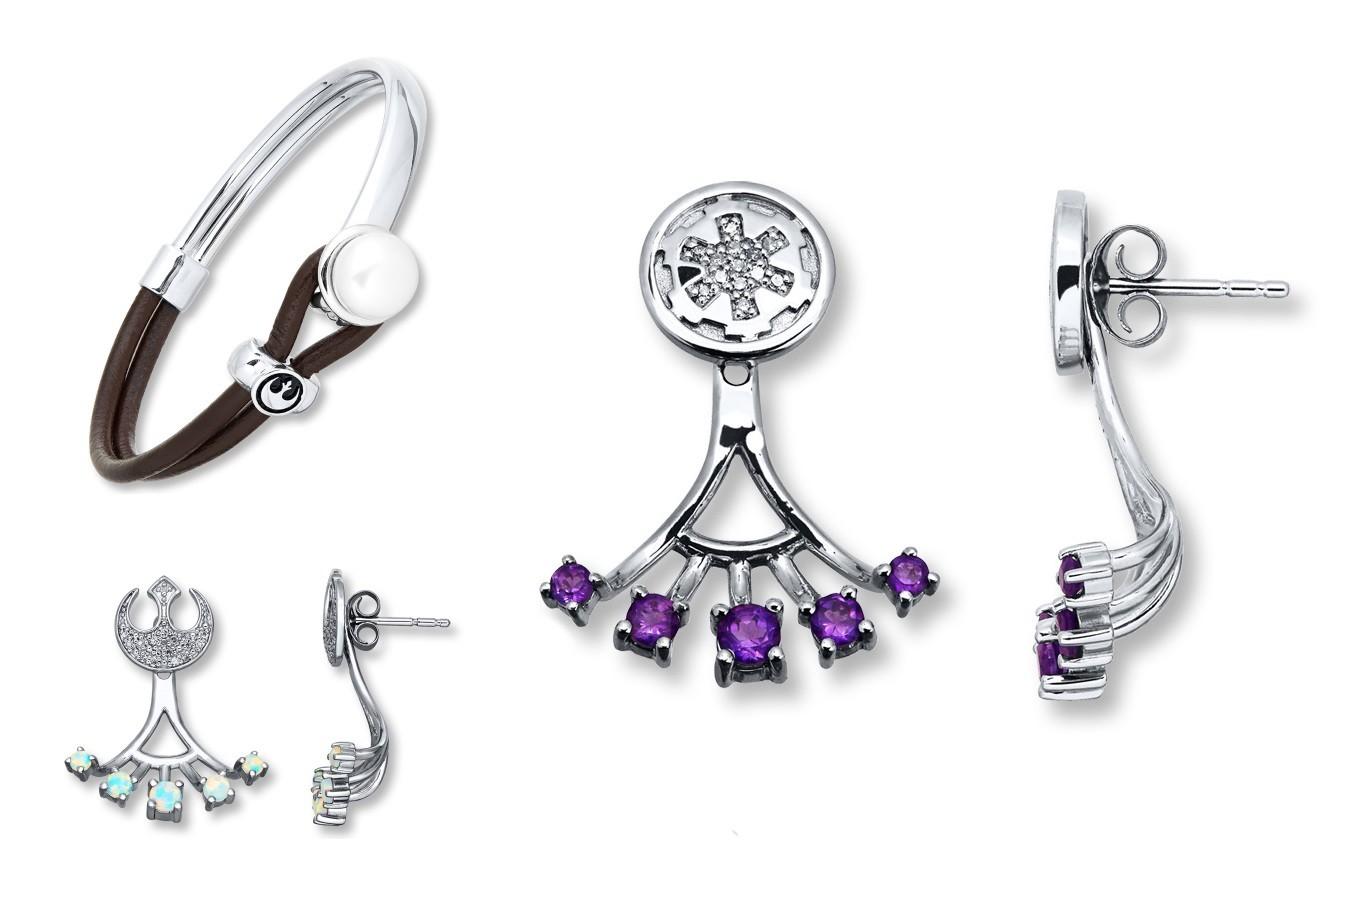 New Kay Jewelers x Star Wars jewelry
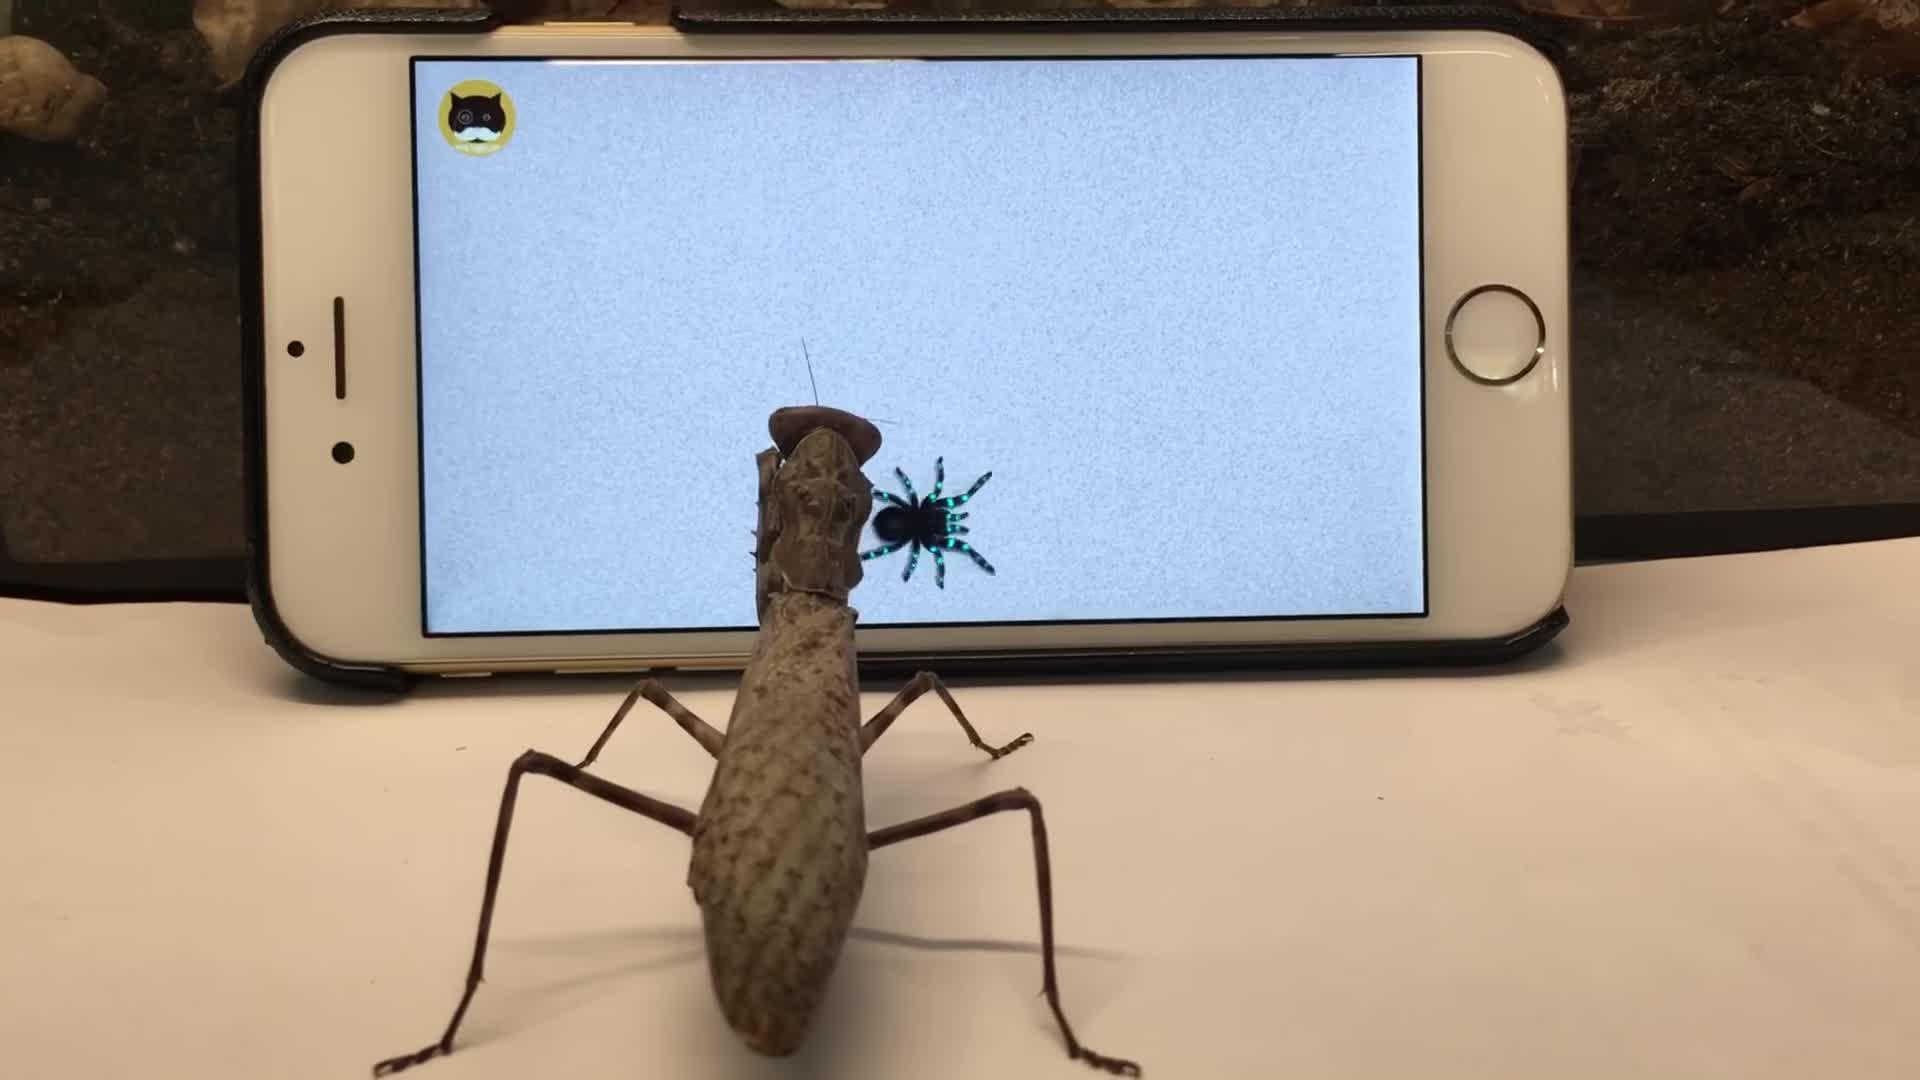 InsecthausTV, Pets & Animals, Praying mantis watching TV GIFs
...
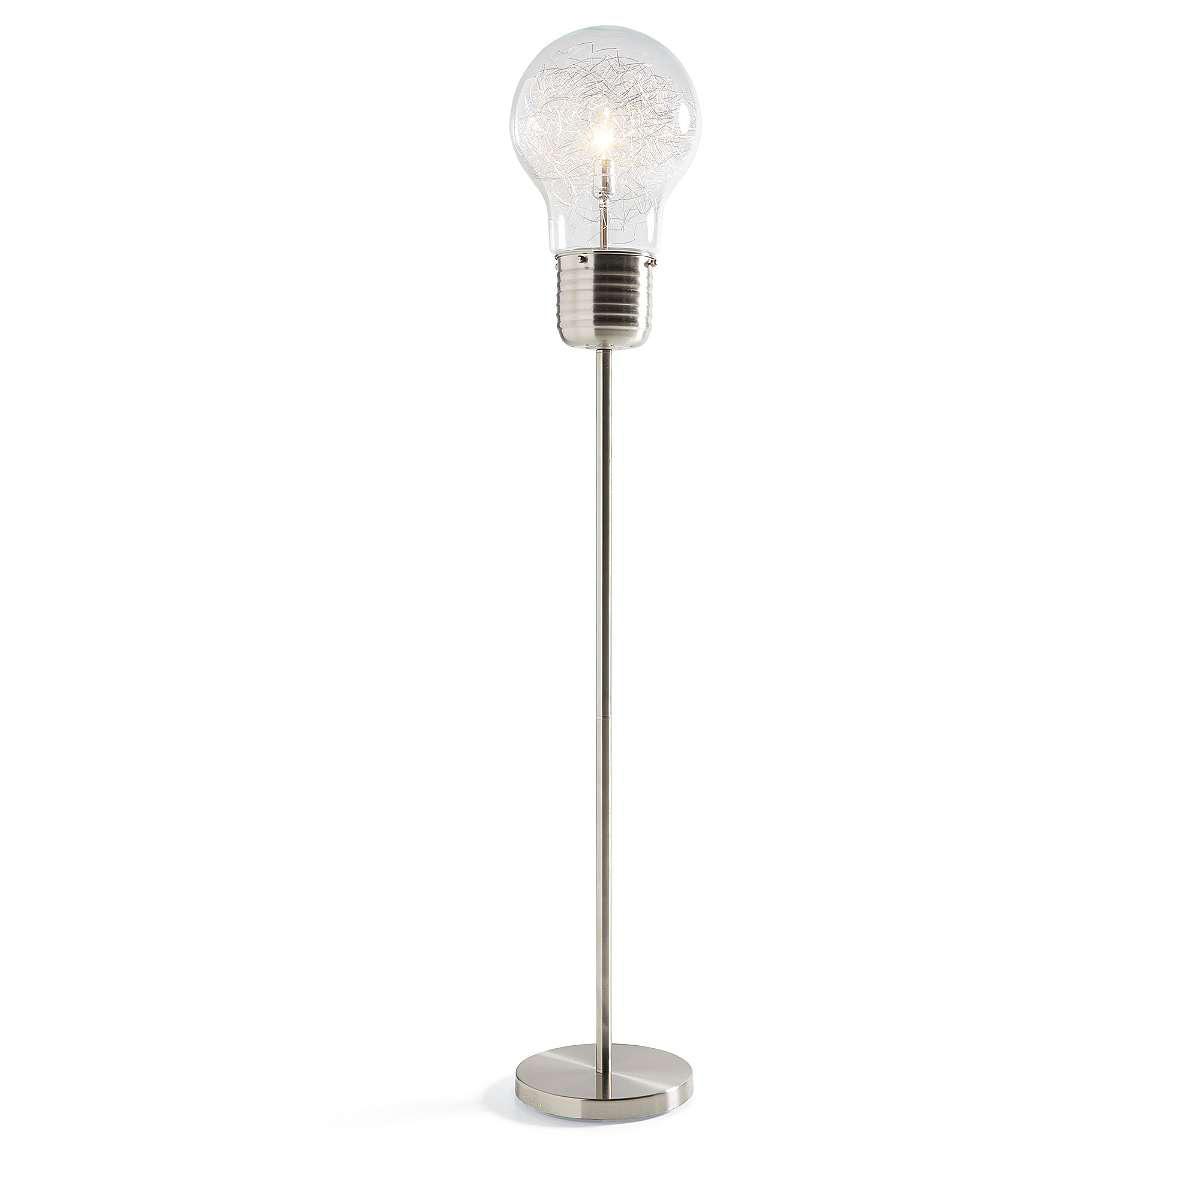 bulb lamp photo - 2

- YOUR ASSIGNMENT:
Pictures excluded, give again exactly and only the lines of the material above from the line with "New Kay Jewelers x Star Wars jewelry" through the line with "InsecthausTV, Pets &".

- WRITTEN ANSWER:
 New Kay Jewelers x Star Wars jewelry
 InsecthausTV, Pets & Animals, Praying mantis watching TV GIFs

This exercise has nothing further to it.